What terms or jargon will you define?

  • dimensionality
  • classification/regression/prediction
  • feature & example
  • univariate
  • Target/dependent variable vs independent variable
  • fitting (in context of fitting a model to data)
  • norm/normal/orthogonal

What analogies or heuristics will you use?

  • When predicting house prices, the number of bedrooms is a useful feature but the number of nails in the house is not.

What heuristics will help students understand things?

  • Relating the problems to decisions/guesses that we regularly need to make (e.g. how much is a house worth, will it rain today)

What mistakes or misconceptions do you expect?

  • Not understanding how having too many features could be bad.
  • What happens when data is transformed (e.g. PCA).

What datasets will you use?

Step 2: Who Is This Course for?

  • Alex is interested in how data analytics or machine learning can help make better business decisions and/or improve profits. He may have already started learning machine learning. He is interested in identifying the most relevant information for the problem he's trying to solve, and to improve the results of his analyses.

  • Sindhu is interested in using dimensionality reduction to find the most relevant data to include in her charts and analyses. Given her background in R, she may need some help getting used to using Python, and the programming concepts should not be too advanced. The course needs to do a good job explaining things at a beginner level, rather than an academic level, to prevent it from sounding overly complicated or intimidating. She would find it helpful if topics were general enough so she could apply them in languages she uses more often (like R).

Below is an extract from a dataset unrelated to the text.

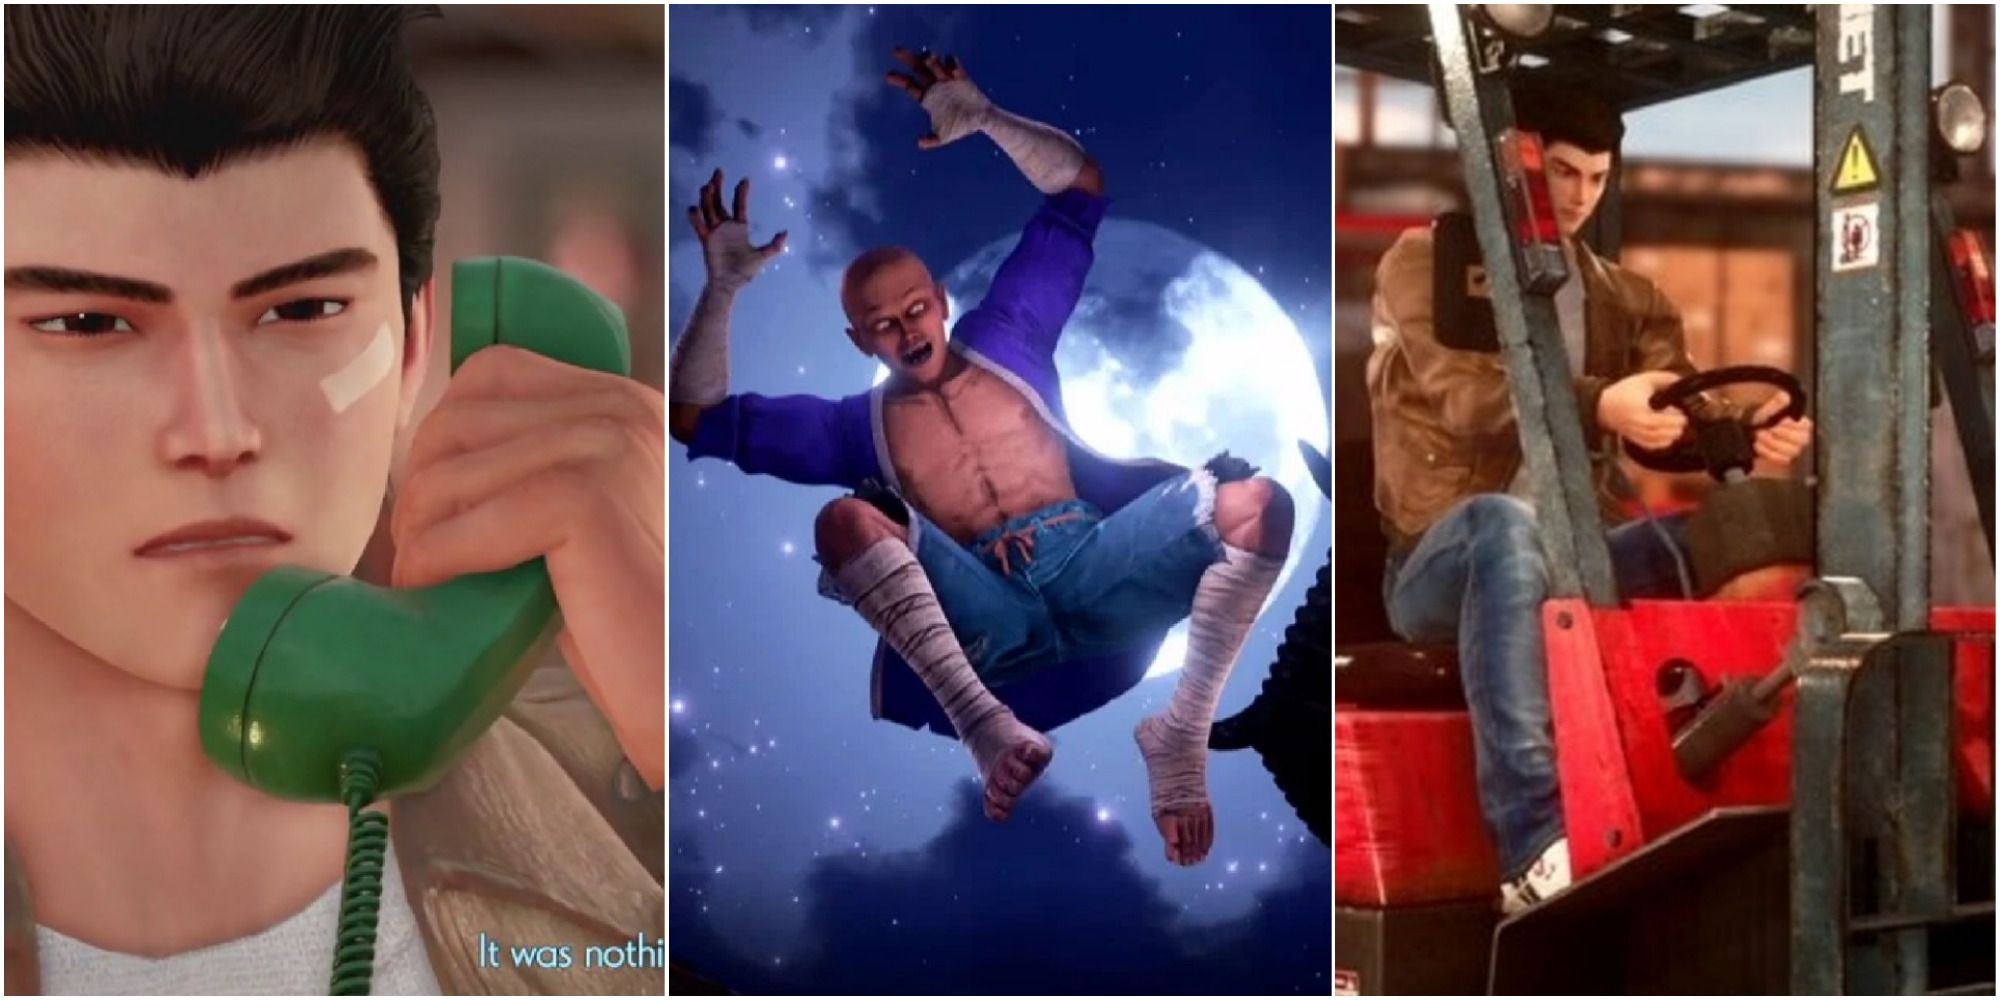 A collage of images from Shenmue 3, including Ryo Hazuki making a phone call; Chai surprise-attacking Ryo and Shenhua; and Ryo piloting a forklift
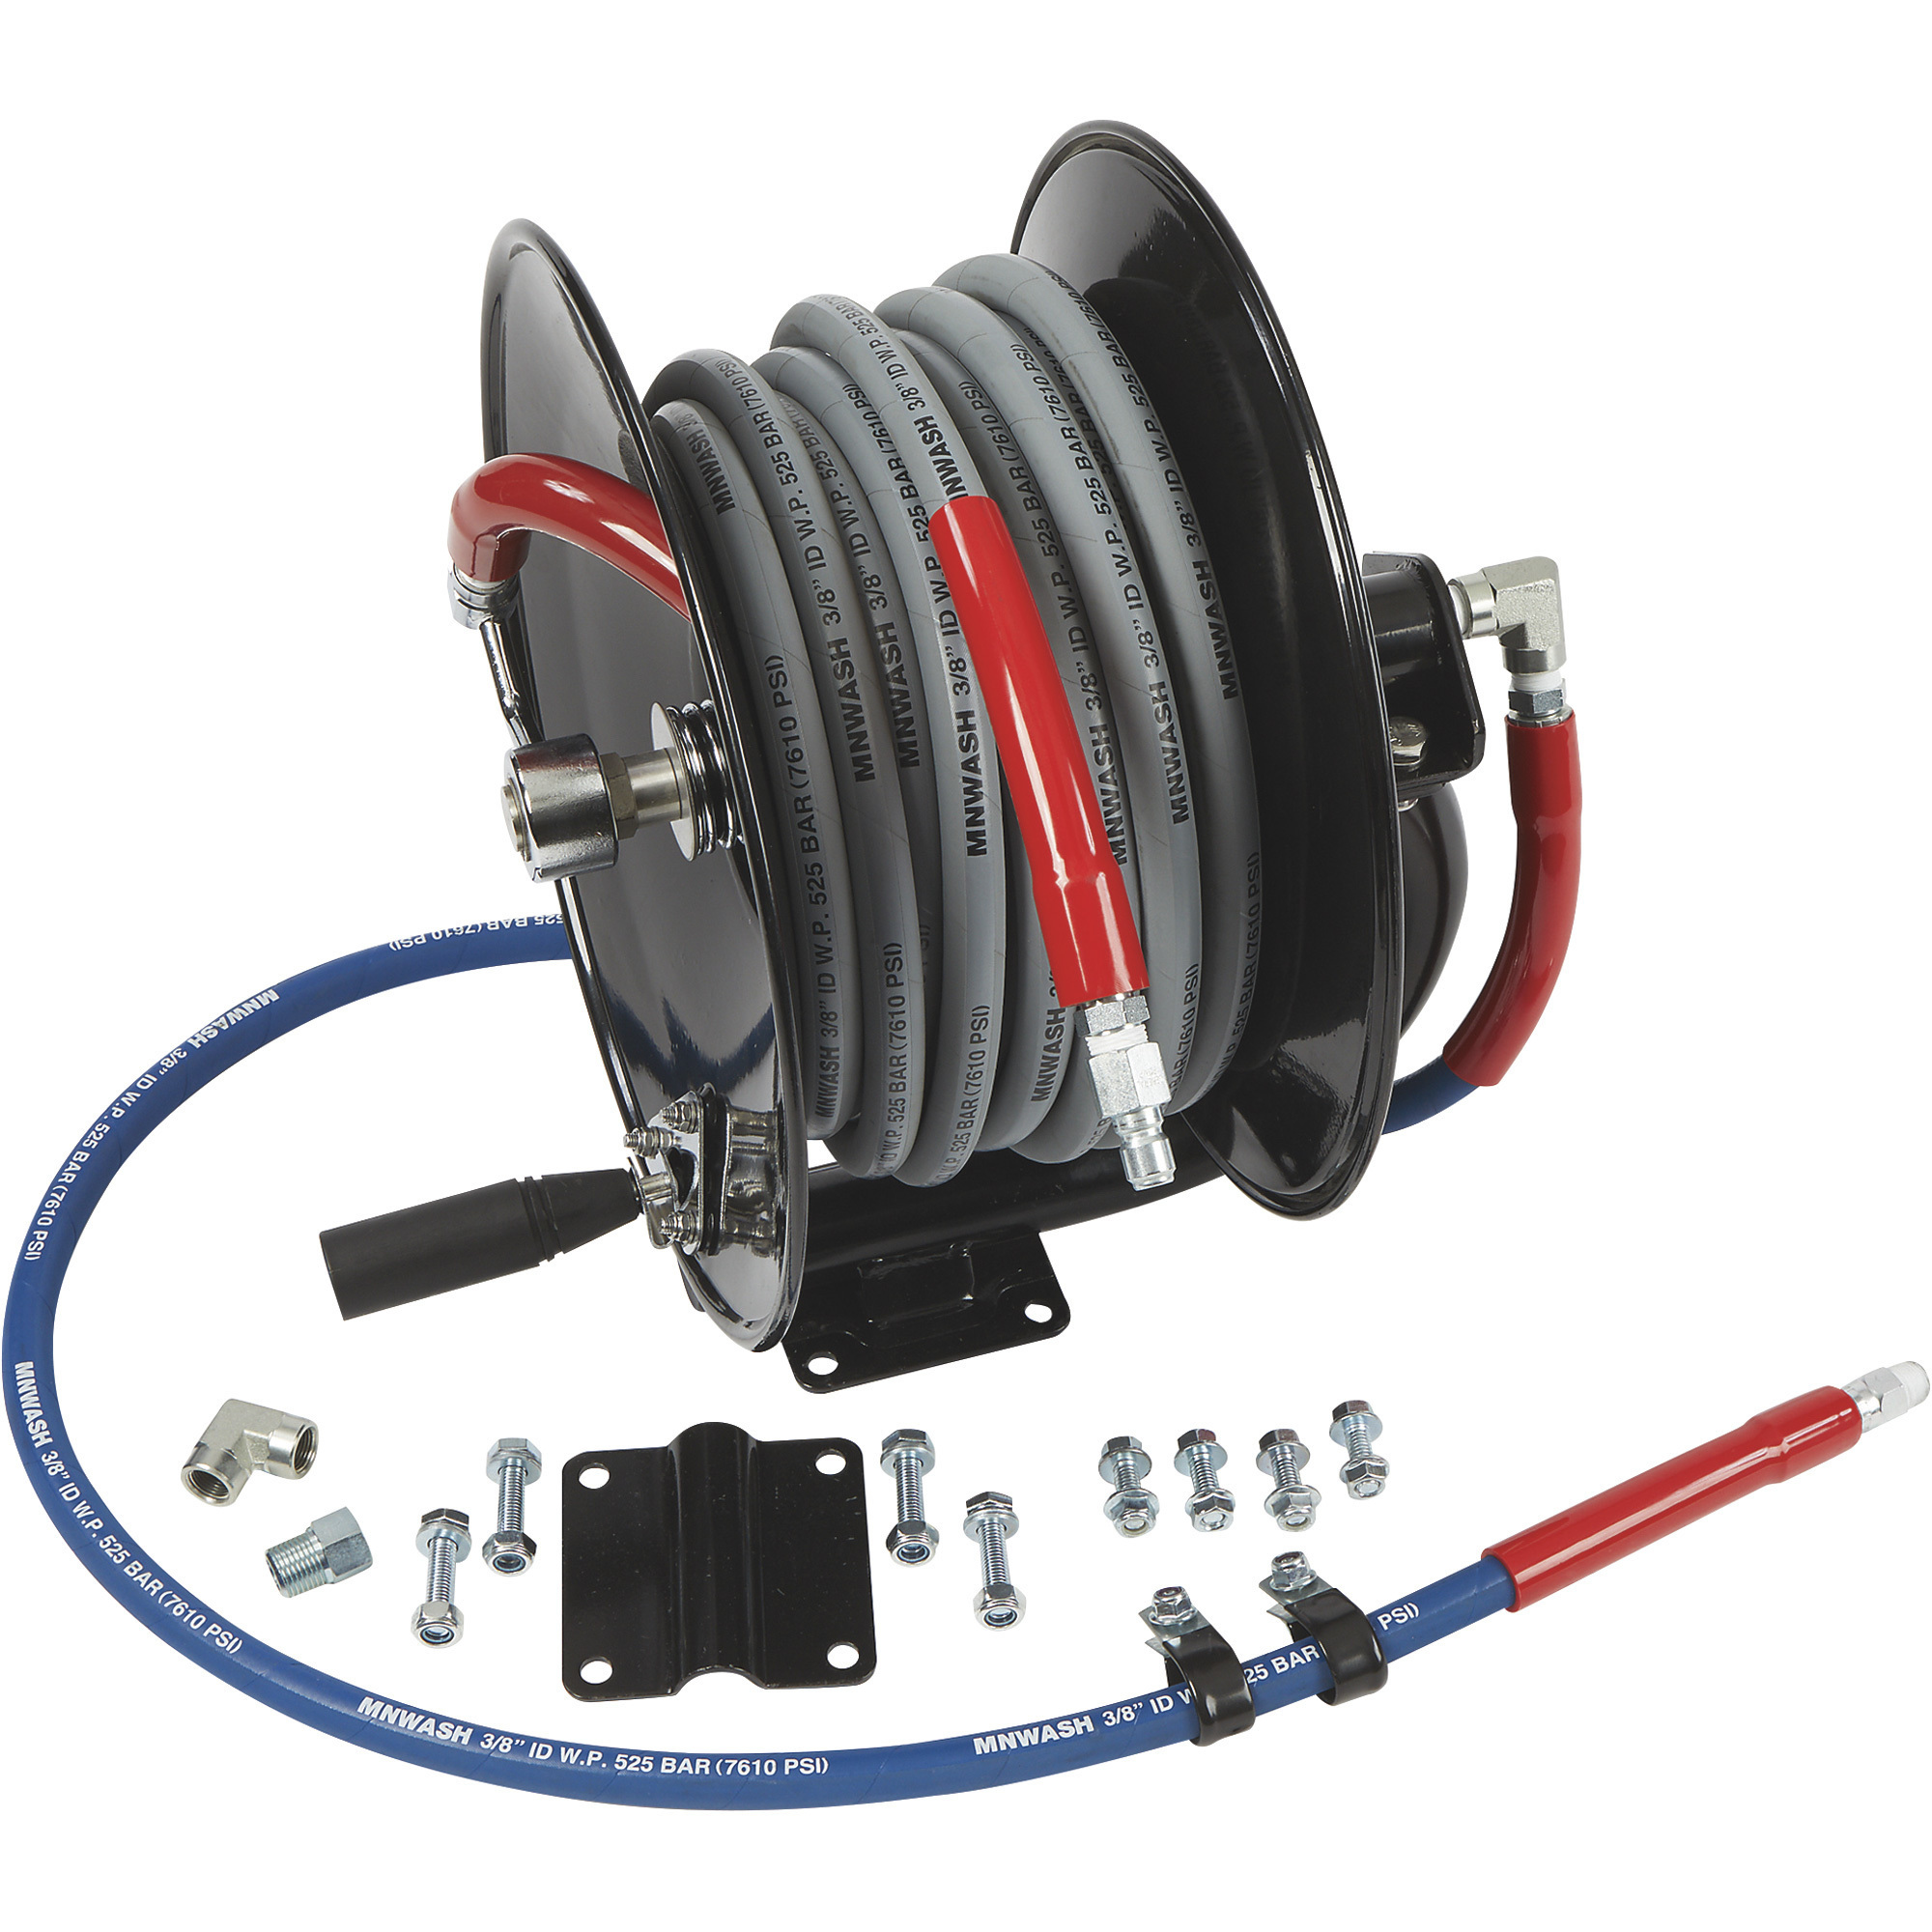 SB10H-NS HOSETRACT HOSE REEL, SBM SERIES MINI WITH SWIVEL & BASE, COMPACT  MANUAL DRIVEN MINI-REEL, FOR 175 FT. OF 1/4, 150 FT. OF 3/8 HOSE OR 100 FT.  OF 1/2 HOSE, MAXIMUM

  • Chen is most interested in reducing the large volume of data her clients collect into the most relevant pieces for a given problem. She will likely have no problem with the programming concepts, but the math needs to be well-explained with intuitive visualizations.

  • Umberto may want to wait to take this course until he has taken a few programming courses. He will also likely get more out of it after an introduction to statistical analysis or machine learning.

Step 3: What Will Learners Do Along the Way?

What is the primary reason to use dimensionality reduction?

  • Conceptual question on the main benefits of dimensionality reduction
  • Objective: make sure students know why they're doing this


  • Allow the use of simpler algorithms/classifiers (true, but this is a side effect of the main reason)
  • Use fewer computing resources to store and analyze the data (true, but computers are becoming more powerful and there is a more important reason)
  • Focus on the most relevant information by using a smaller set of features that each contain as much information as possible
  • Allow the data to be visualized more easily in graphs and plots (this is one benefit, but is only part of the main reason)

What is the best explanation of why to use human expertise before/alongside trying other methods?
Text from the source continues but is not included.